Representing Jesus

But if you can do anything have compassion on us and help us.

Mark 9:23

Most will be familiar with this story from Marks’s Gospel.  The disciples have found themselves with a Father and son who they have been unable to help.  Jesus comes down from the ‘mount of transfiguration’ to a crowd surrounding this scene.  This father is desperately seeking deliverance for his son and the nine disciples are unable to cast out the demon, so as he meets Jesus, he seems both hopeful and unsure..

We see this expressed in the words, but... and if....

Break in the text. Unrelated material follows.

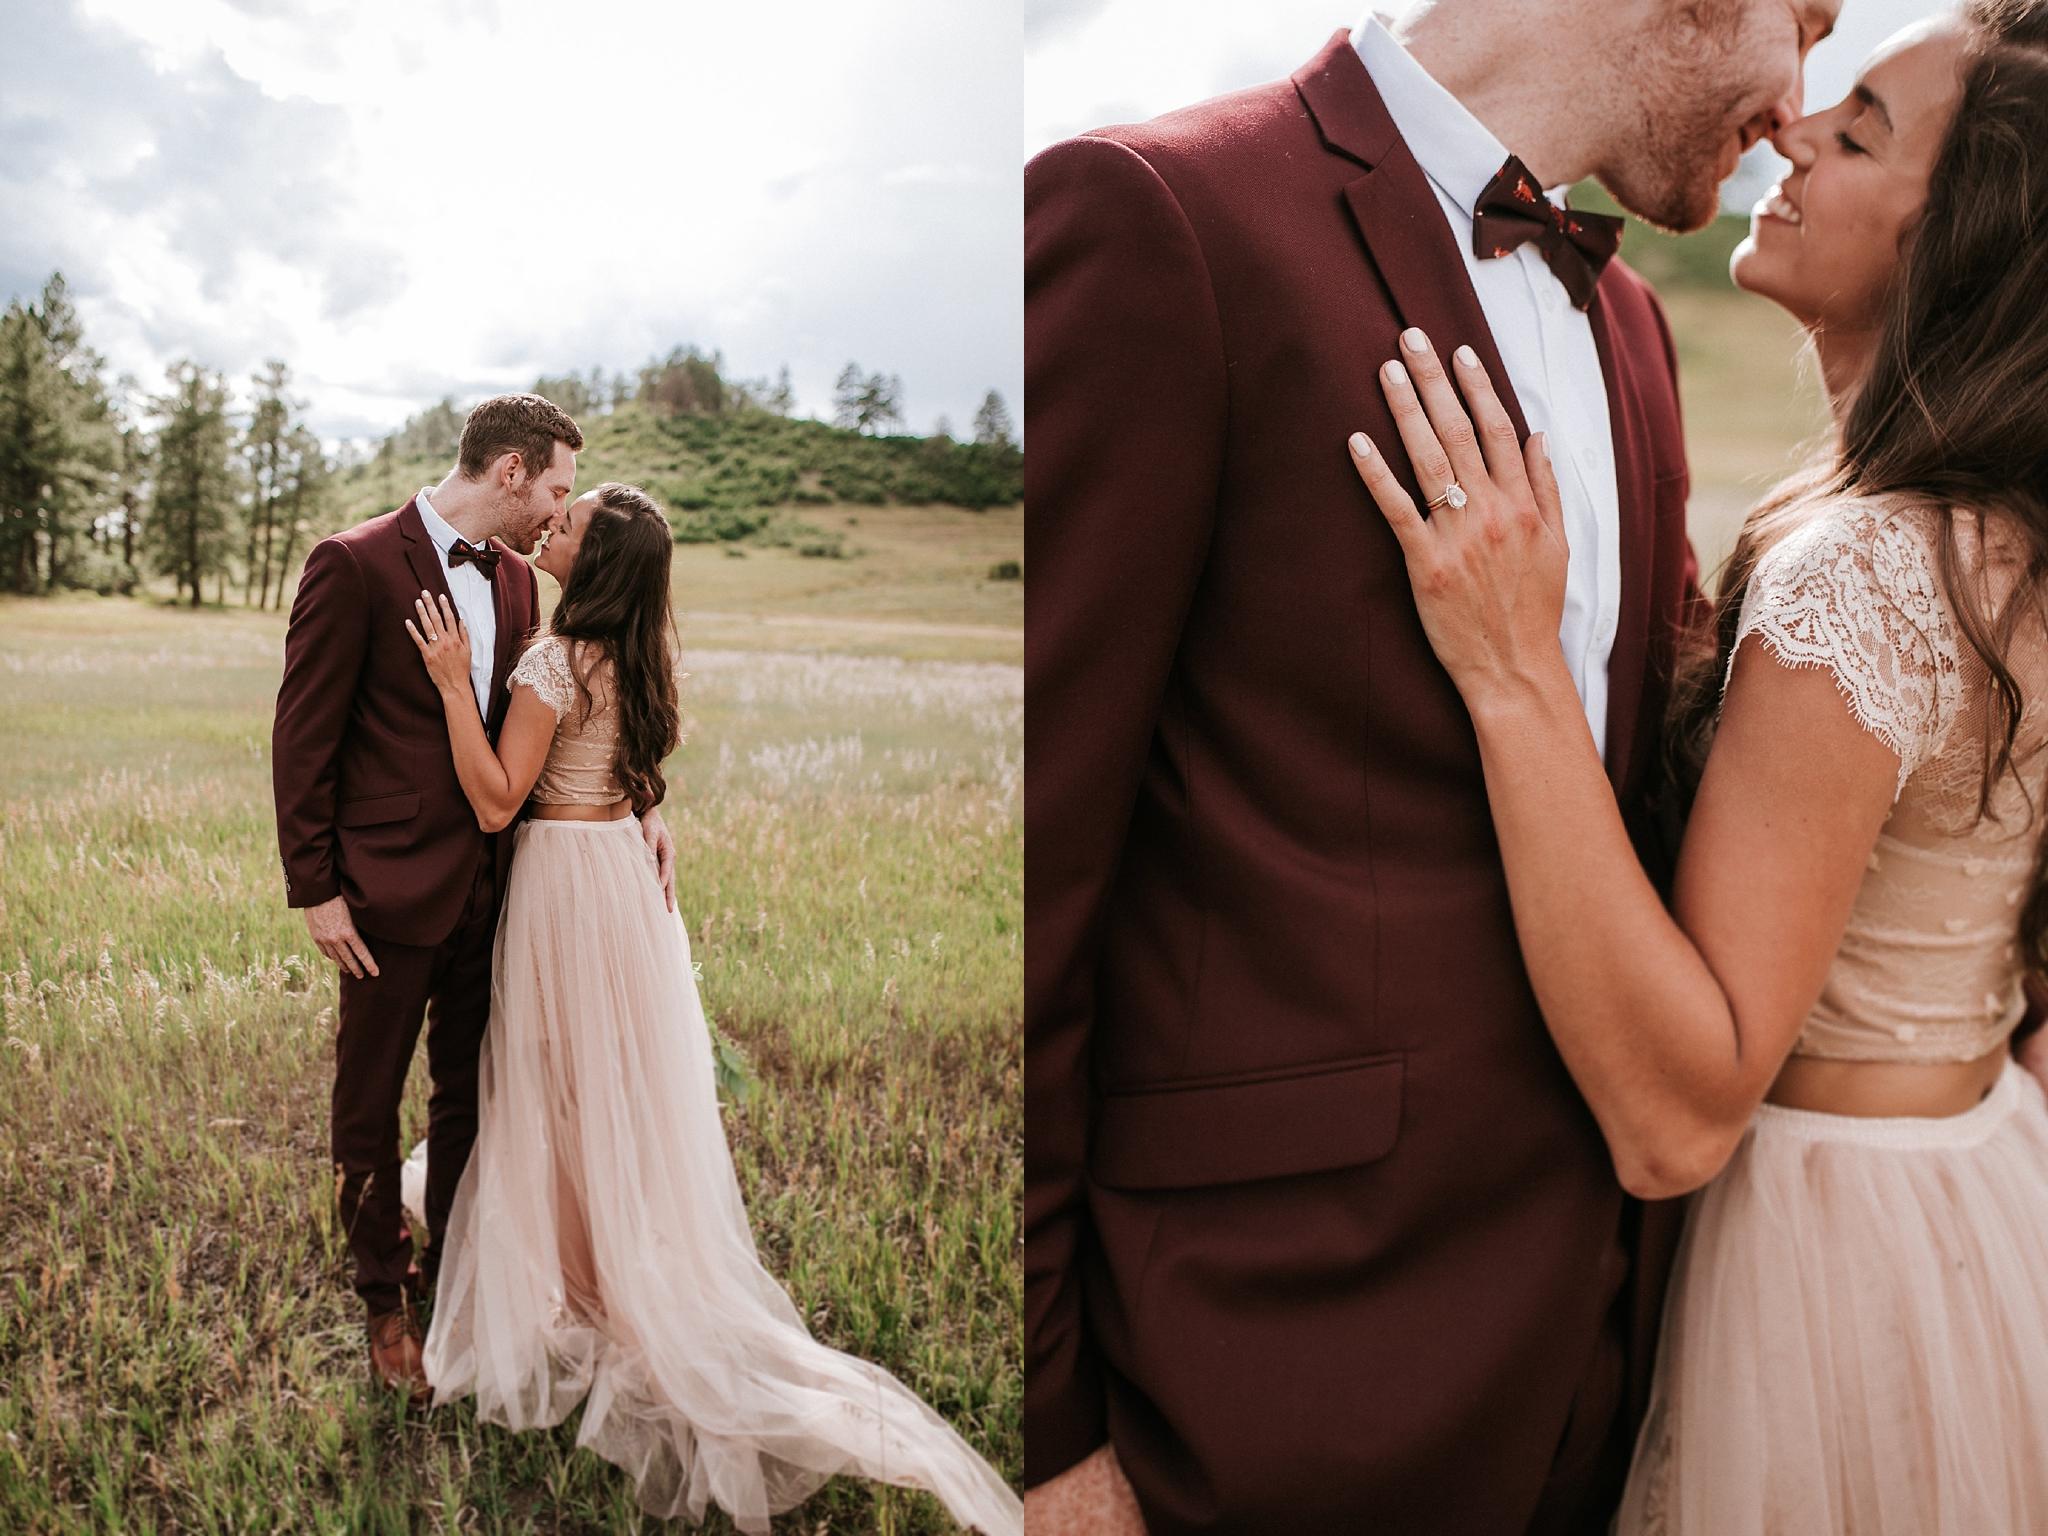 Alicia+lucia+photography+-+albuquerque+wedding+photographer+-+santa+fe+wedding+photography+-+new+mexico+wedding+photographer+-+albuquerque+wedding+-+santa+fe+wedding+-+wedding+gowns+-+non+traditional+wedding+gowns_0011.jpg

My thought today revolves around the awesome responsibility we have been given to accurately and faithfully represent Jesus.  

These disciples were not born again, not baptized with the Holy Spirit, but given the authority to preach, heal, and cast out devils in the name of Jesus (representing Jesus). This always gives me pause to consider my personal activities and judge my work extending the Kingdom as a Spirit filled believer.   

My thought doesn’t focus on the unbelief of the father, or of Jesus saying “if you can believe, all things are possible to him who believes”, or even the crowd as the “faithless and perverse generation” but rather the inability of the nine to do the assigned works.

Privately, Jesus addresses their question of why they could not cast him out.  It wasn’t for their lack of obedience, rather a need for growth and development of spiritual capacity which could only be developed through prayer and fasting ~

‘This kind goes not out but by prayer and fasting’.

When John’s disciples asked Jesus the reason of His disciples lack of prayer and fasting, Jesus answered basically, this isn’t the time or season for fasting. 

Jesus answered, “how can the guest of the bridegroom mourn while he is with them? The time will come when the bridegroom will be taken away from them; then they will fast.”  Mt. 9:16

With greater works assigned to the church and the command from Mark 16, how much more today, should his disciples exercise a discipline of prayer and fasting?.  The flesh and its desires must be kept in subjection in order for faith to dominate. There must be a real sense of dependence on God of which prayer is the continual expression.  

I don’t want to be found lacking, unable to righteously express Him in any facet of need I may meet, when I preach Jesus, the need for my dependence upon God grows daily in this hour.